Simone Remmert ist 1971 ins Jugendrotkreuz eingetreten. Seit dieser Zeit hat sie verschiedene Posten beim DRK in Wietze bekleidet und ist heute stellvertretende Vorsitzende des DRK OV Wietze.

 


Bürgermeister Wolfgang Klußmann fand aus diesem Anlass die folgenden Worte:

Meine sehr geehrten Damen und Herren!

Im Jahr 1985, beschlossen die Vereinten Nationen, fortan am 5. Dezember eines jeden Jahres den Internationalen Tag des Ehrenamtes zu feiern.

Dem Gedanken, das Ehrenamt öffentlich anzuerkennen und auszuzeichnen, folgen auch wir bereits seit dem Jahre 1994. Dabei verzichten wir aber ganz bewusst auf eine jährliche Ehrung, denn wir wollen vermeiden, dass durch eine inflationäre Entwicklung der Stellenwert dieser Veranstaltung schwindet.

Mehr als zwanzig Jahre nach der ersten Ehrung von Menschen, die mindestens 10 Jahre in Vereinen und Verbänden führend tätig waren, oder die sich um das öffentliche Gemeinwohl in besonderer Weise verdient gemacht haben, freue ich mich, Sie zur nunmehr bereits elften Bürgerehrung der Gemeinde Wietze hier im Deutschen Erdölmuseum willkommen heißen zu dürfen.

Stellvertretend für die zahlreichen Bürgerinnen und Bürger unserer Gemeinde, die zum Teil in aller Stille ihr bürgerliches Engagement seit Jahren ausüben und damit für unsere Gesellschaft unverzichtbare Eckpfeiler sind, begrüße ich an erster Stelle natürlich die Damen und Herren, die ich heute im Namen der Gemeinde Wietze für ihre besonderen Verdienste auszeichnen darf:

Herrn Werner Dörge
Frau Ellen Oldenburger
Frau Susanne Schröder
Frau Hildegard Witt
Herrn Edgar Kock
Frau Simone Remmert
Herrn Andreas Bartsch
Herrn Hans-Joachim Meyer
Herrn Helmut Töteberg
Herrn Wolfgang Hänsel

Herzlich willkommen heiße ich auch die Familienangehörigen und Freunde der zu Ehrenden, die Repräsentanten der Wietzer Vereine, die Ratsmitglieder, meine Mitarbeiter, die die heutige Veranstaltung vorbereitet haben und für das Gelingen des heutigen Abends Sorge tragen – und natürlich Herrn Dr. Lütgert als Hausherrn, der uns freundlicherweise einmal mehr die Räumlichkeiten des DEM zur Verfügung gestellt hat.

Ich begrüße auch ganz herzlich unseren Landtagsabgeordneten Thomas Adasch, der fast jede gemeindliche Veranstaltung besucht und heute einmal mehr auch in seiner Funktion als stellv. Landrat die Fahne des Landkreises hochhält.

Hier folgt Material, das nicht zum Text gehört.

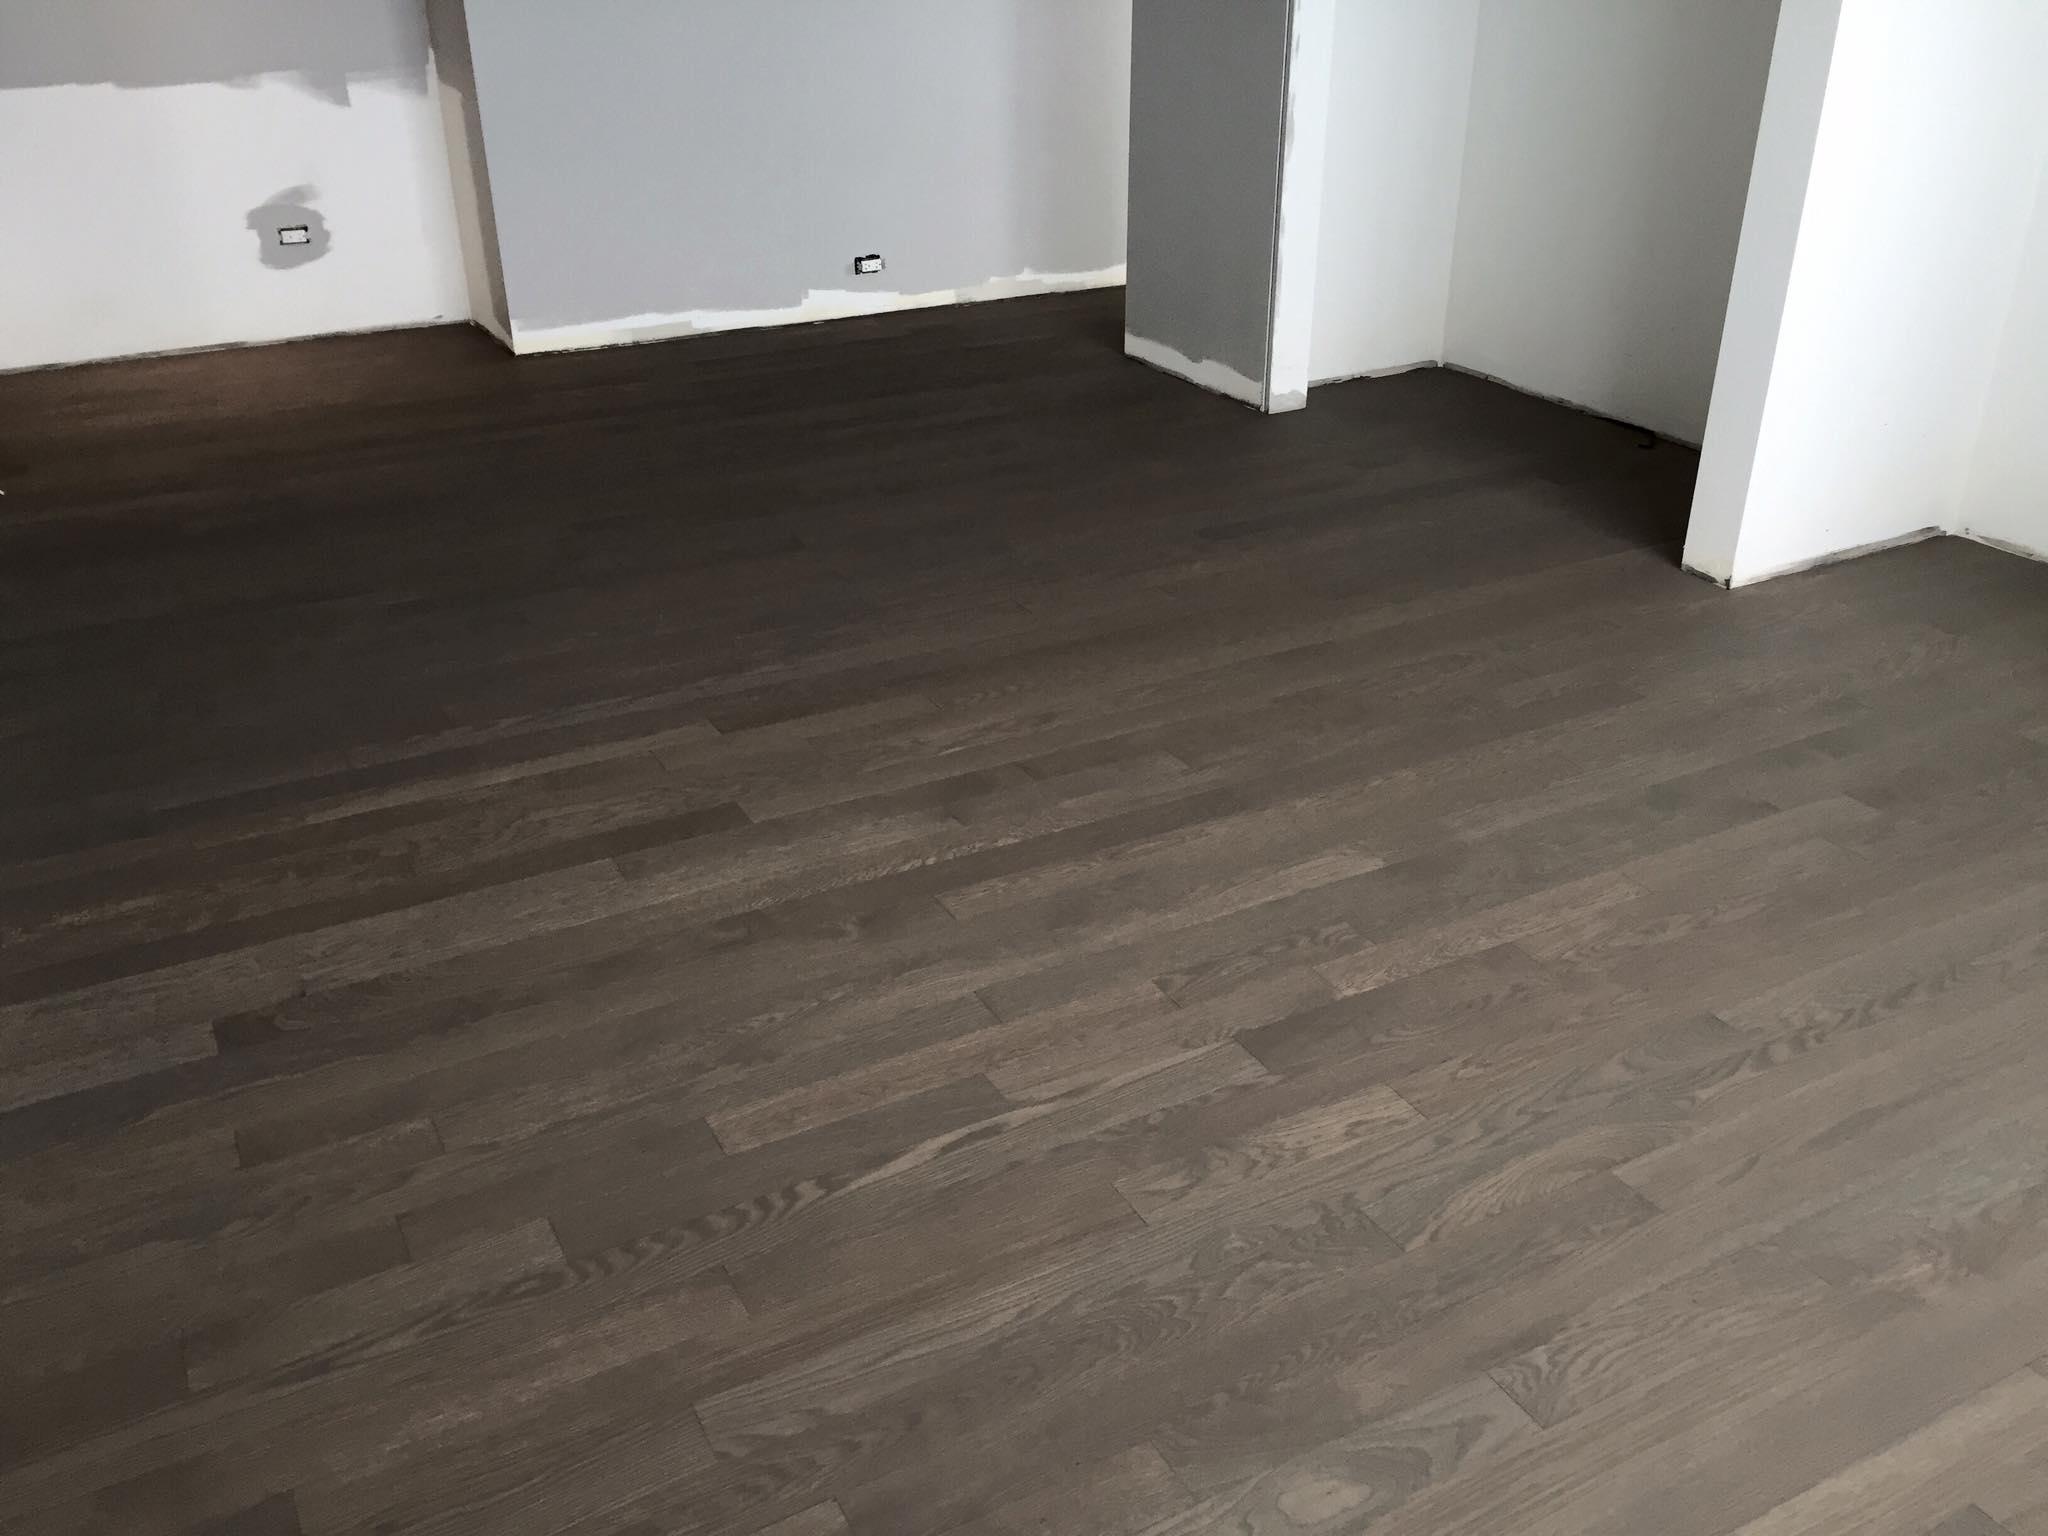 Chicago hardwood floor rubio monocoat install sanding for Flooring chicago

Auch die anwesenden Vertreter der Presse heiße ich herzlich willkommen und freue mich darüber, dass Sie dafür Sorge tragen werden, dass die heutige Ehrung verdienter Menschen angemessen öffentlich gewürdigt wird.

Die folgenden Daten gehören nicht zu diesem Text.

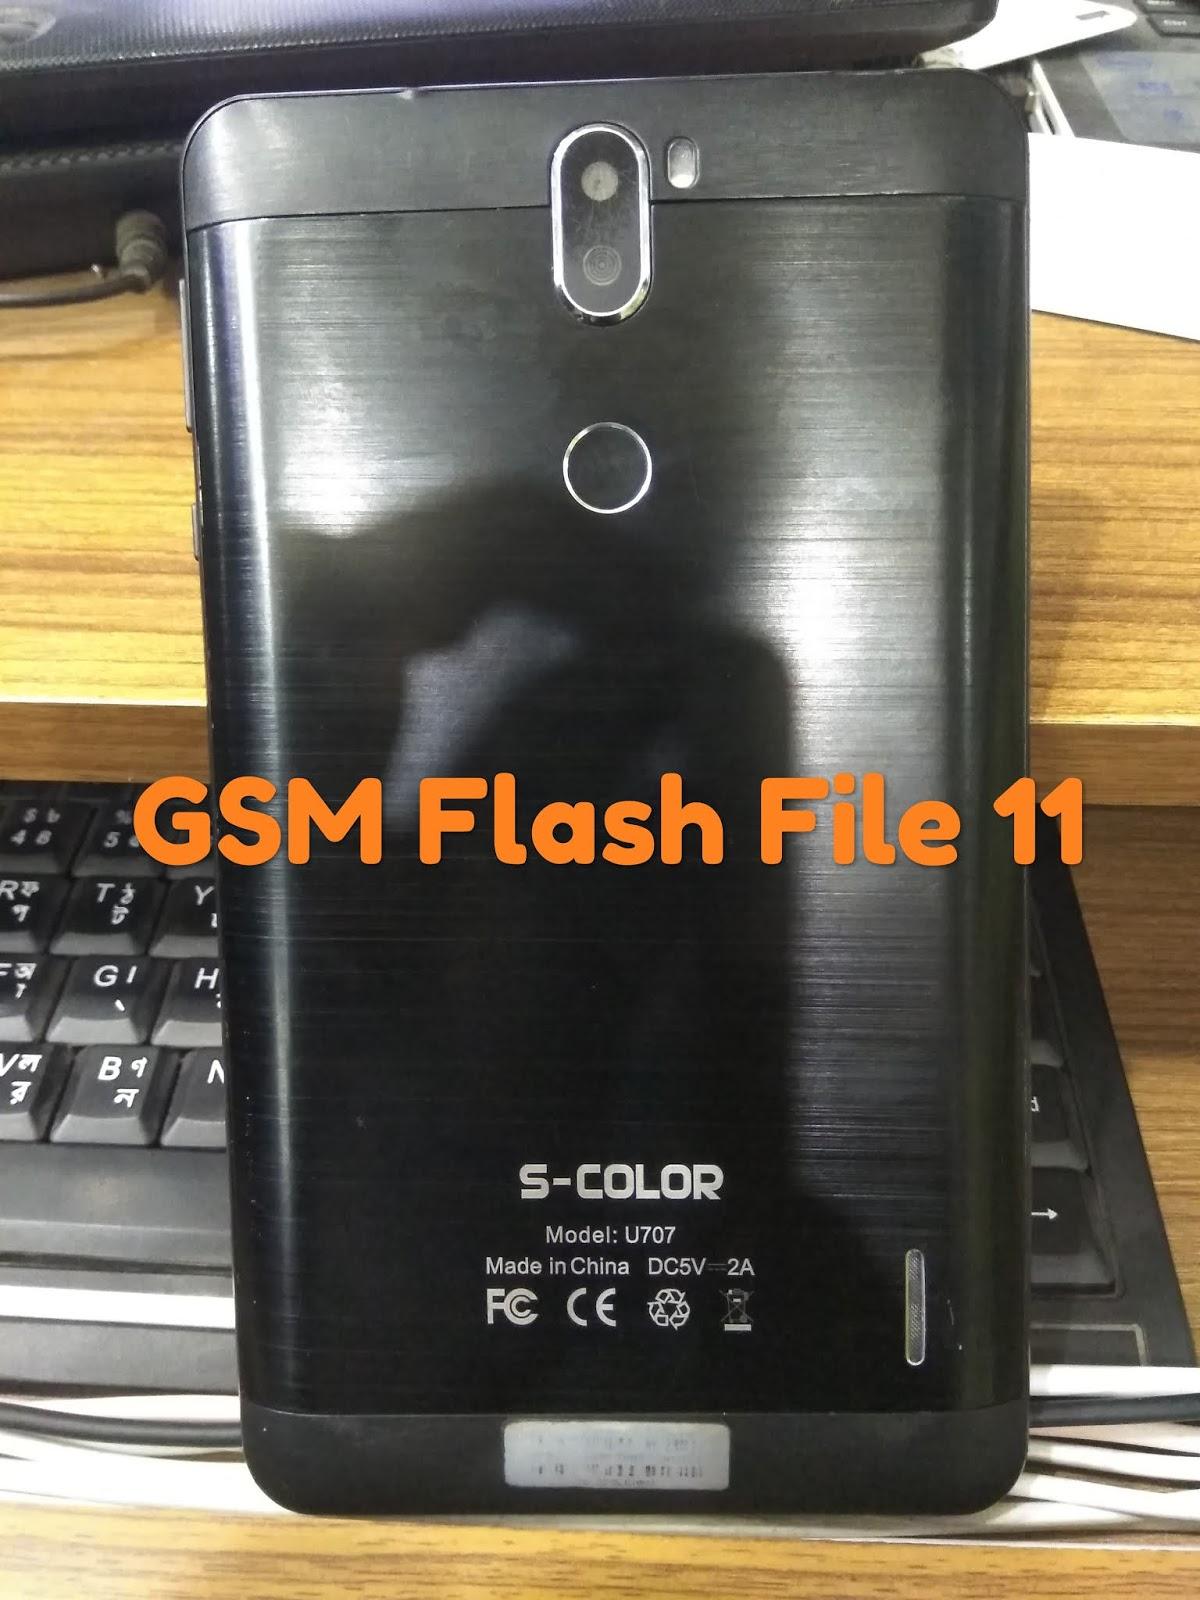 MT6572__U707__U707__U707__7 0__KT07C 3G-20151008 Flash File

Ganz besonders freue ich mich auch darüber, dass es uns in diesem Jahr erneut gelungen ist, der Bürgerehrung mit einem attraktiven musikalischen Programm einen festlichen Rahmen zu verleihen, der dem besonderen Anlass des heutigen Abends mit Sicherheit gerecht werden wird.

Bereits zum vierten Mal in Folge konnten wir die „Private Musikschule Celle e.V.“ für die Begleitung der Bürgerehrung gewinnen. Frau Dorothee Knauer wird mit ihren Schülern

Hannah Janßen (13)
Anna Lindenmeir (13)
Heinrich Hummel (11)

dem heutigen Abend einen tollen Rahmen verleihen. Hannah und Heinrich haben bereits seit 5 Jahren, Anna seit 3 Jahren Geigenunterricht. Alle drei sind schon häufiger in öffentlichen Konzerten aufgetreten und machen viel Kammermusik, außerdem sind sie Mitglieder der Schulorchester von Ernestinum (Hannah und Anna) und KAV (Heinrich). Heinrich nahm im Frühjahr am Wettbewerb „Jugend musiziert“ teil und erzielte auf Landesebene einen 2. Platz. Musik ist für ihre Freizeit ein wichtiges Hobby, darüber hinaus macht Hannah viel Leichtathletik, Anna tanzt Rock’n Roll und spielt Blockflöte, Heinrich hat noch Klavierunterricht und spielt Fußball.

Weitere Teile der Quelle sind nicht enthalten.